Data segment.
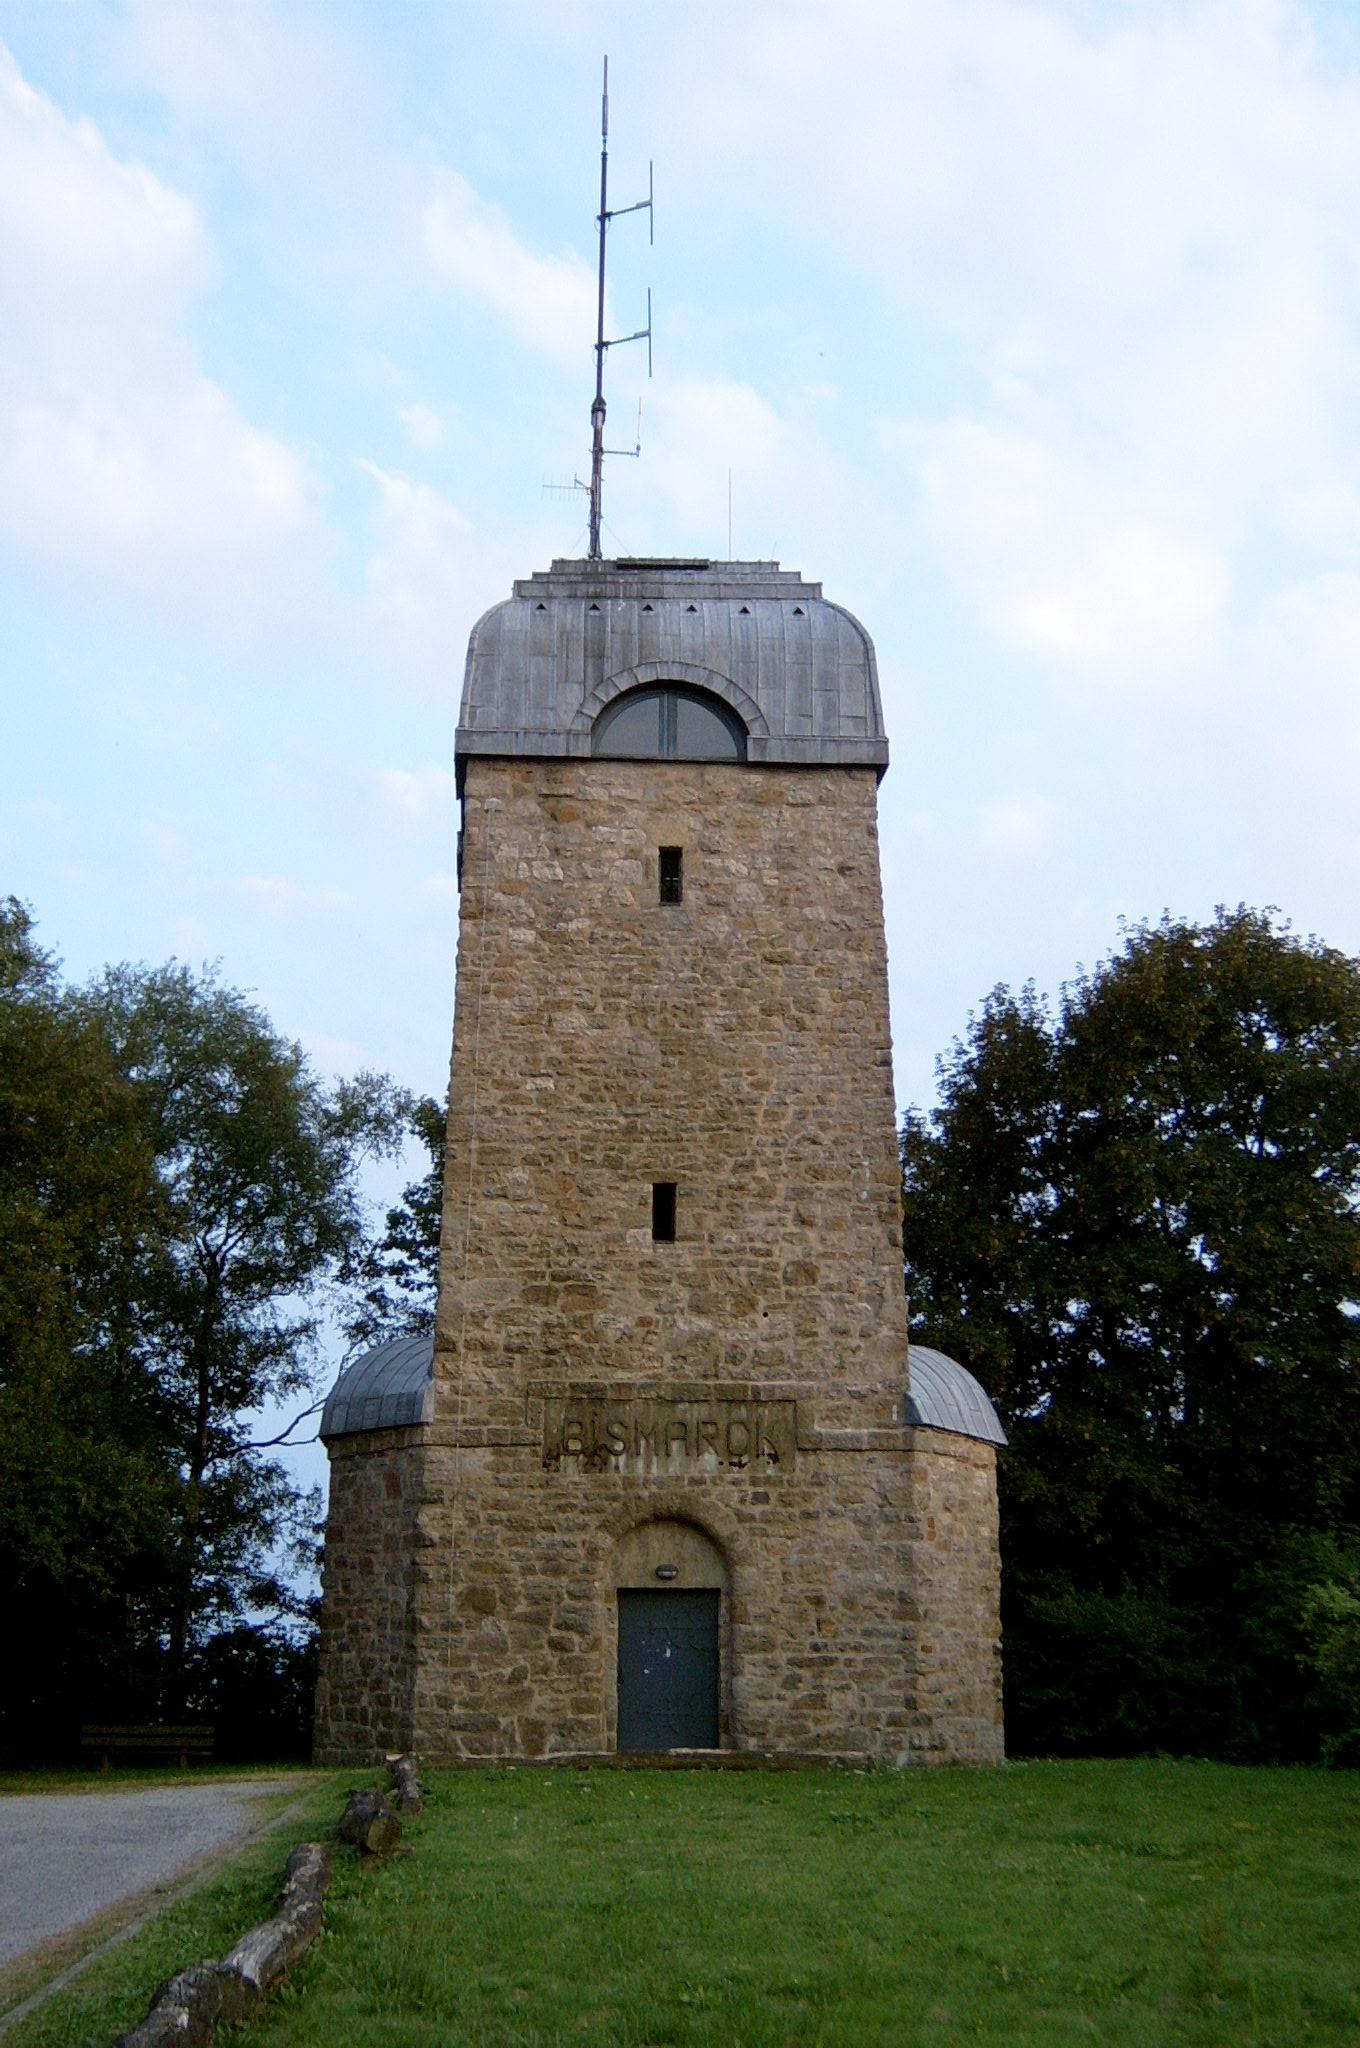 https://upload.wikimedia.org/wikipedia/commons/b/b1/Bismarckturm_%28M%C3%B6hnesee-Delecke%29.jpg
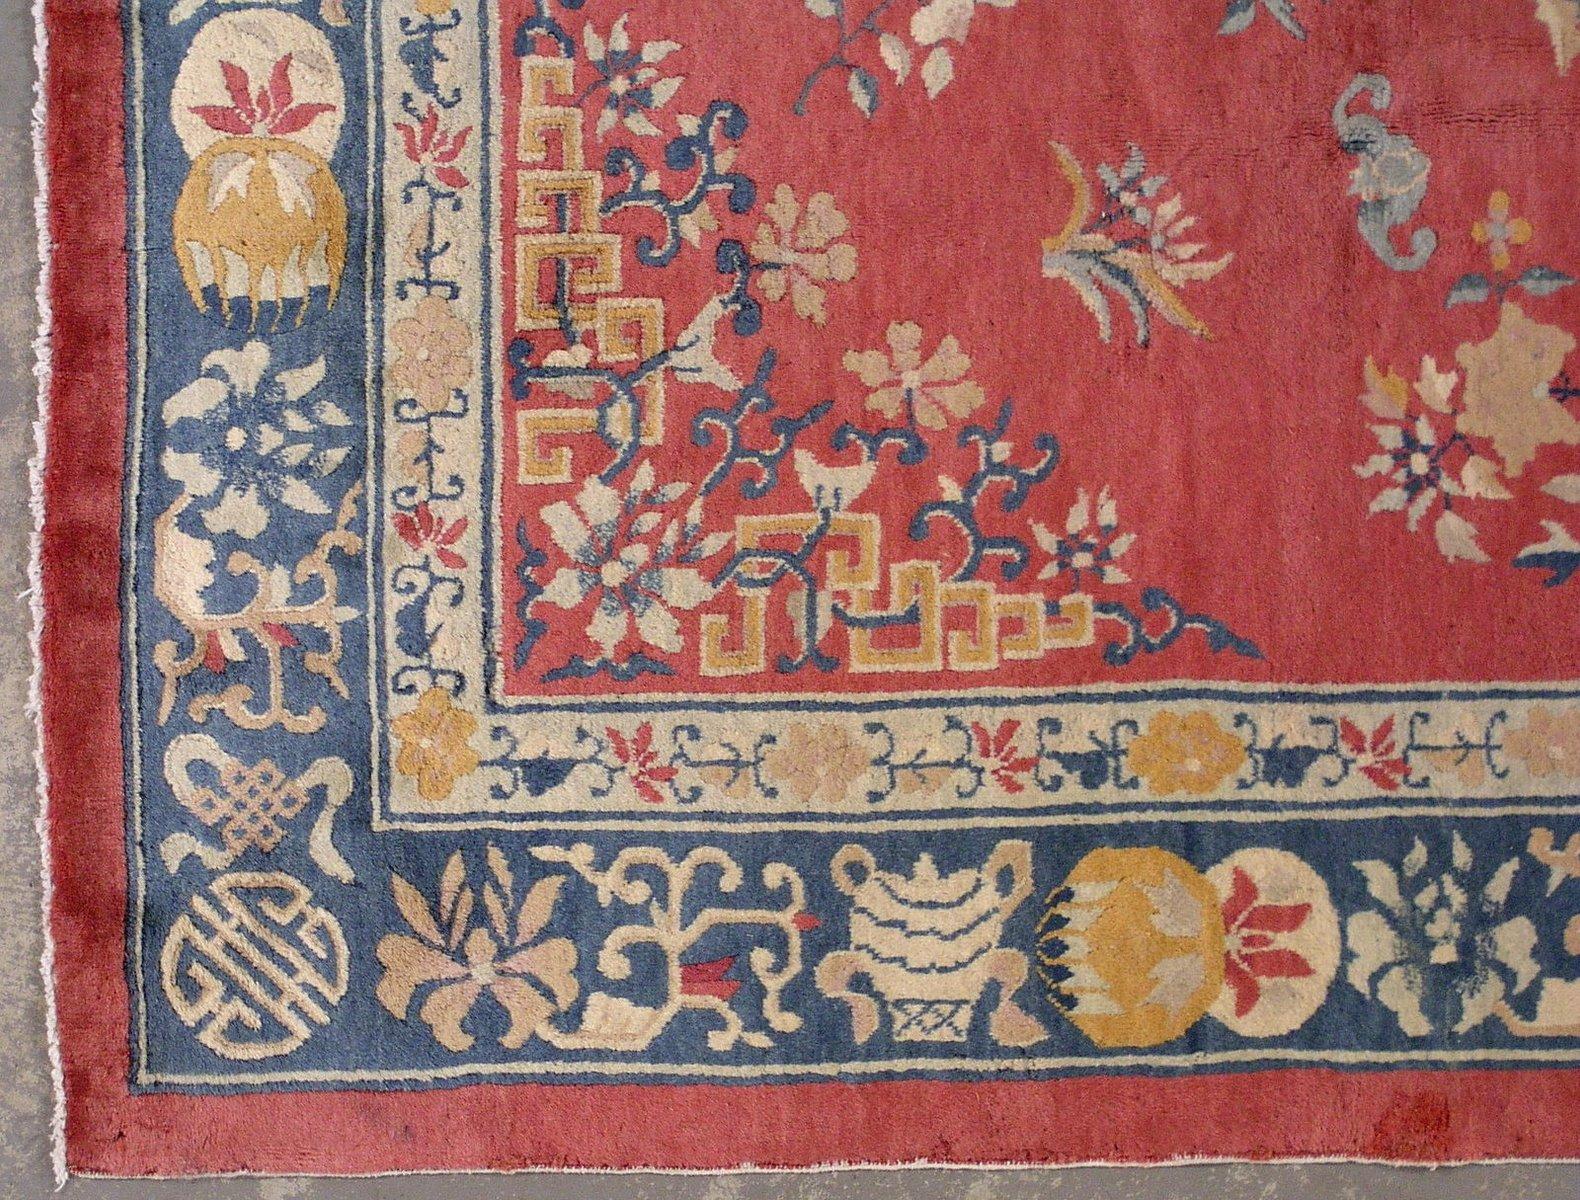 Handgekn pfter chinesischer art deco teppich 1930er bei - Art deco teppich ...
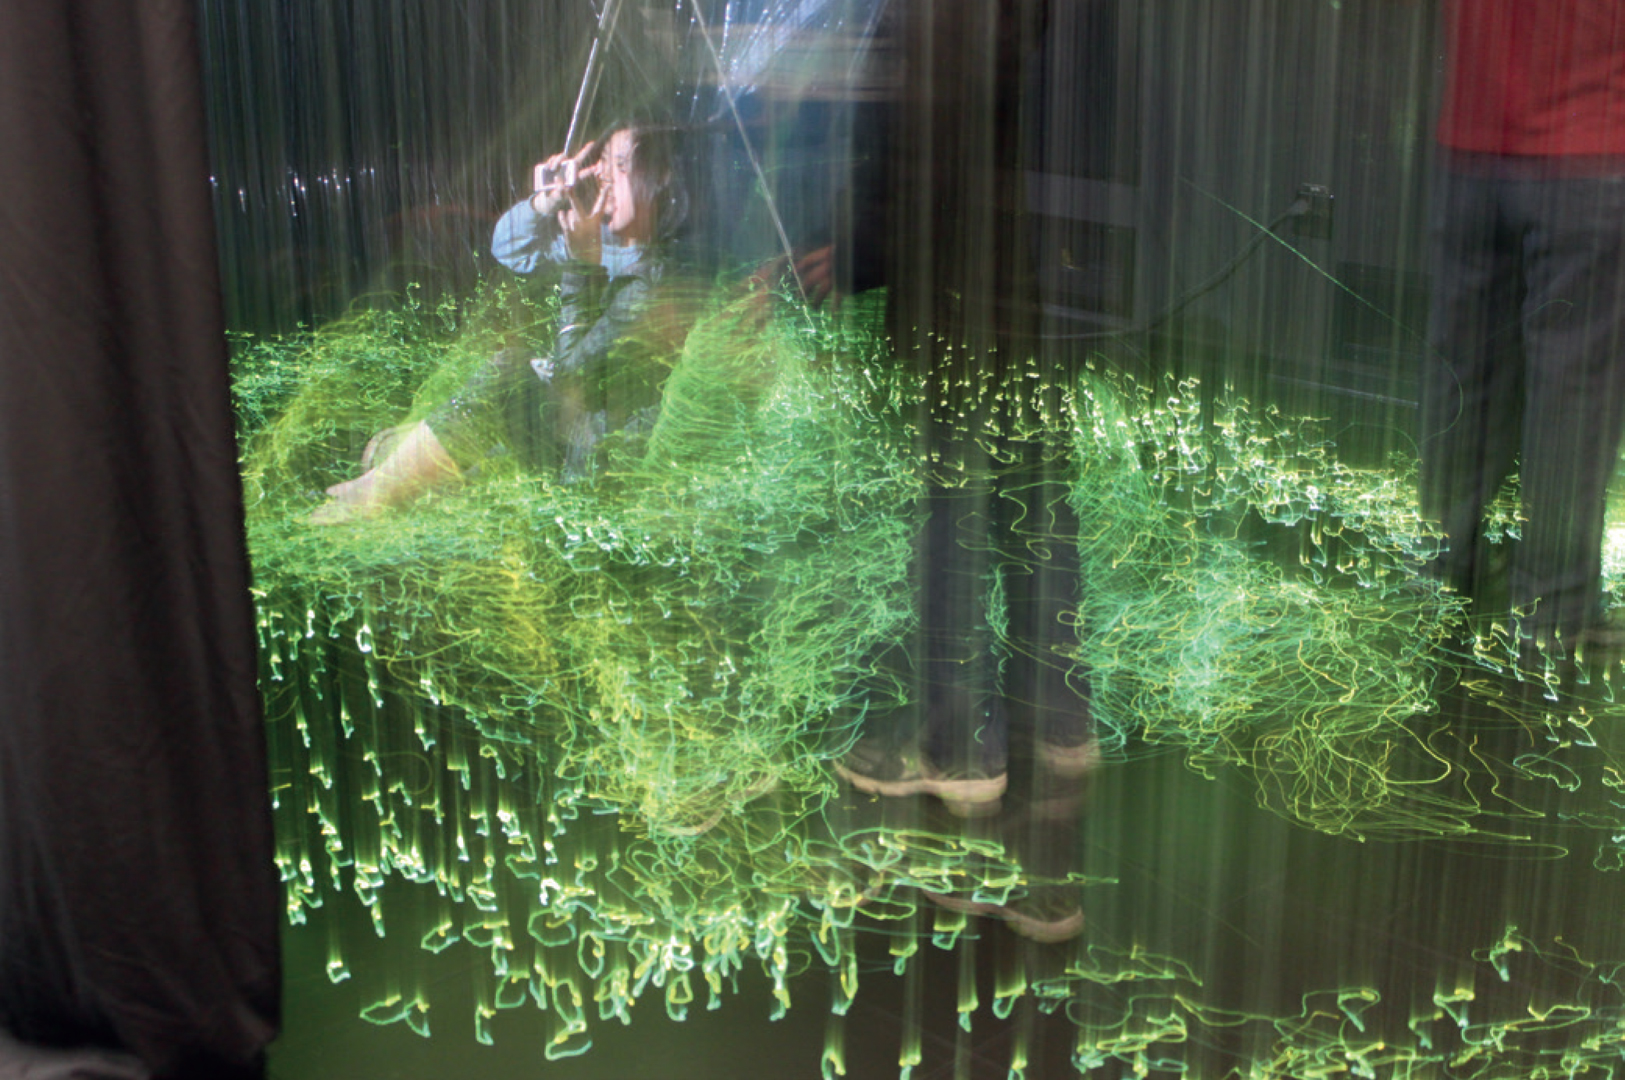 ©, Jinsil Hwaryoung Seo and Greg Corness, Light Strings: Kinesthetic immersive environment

What to work on.
All of the material above is to be copied exactly, except for its images.

Output for this task.
 https://upload.wikimedia.org/wikipedia/commons/b/b1/Bismarckturm_%28M%C3%B6hnesee-Delecke%29.jpg
 Handgekn pfter chinesischer art deco teppich 1930er bei - Art deco teppich ...
 ©, Jinsil Hwaryoung Seo and Greg Corness, Light Strings: Kinesthetic immersive environment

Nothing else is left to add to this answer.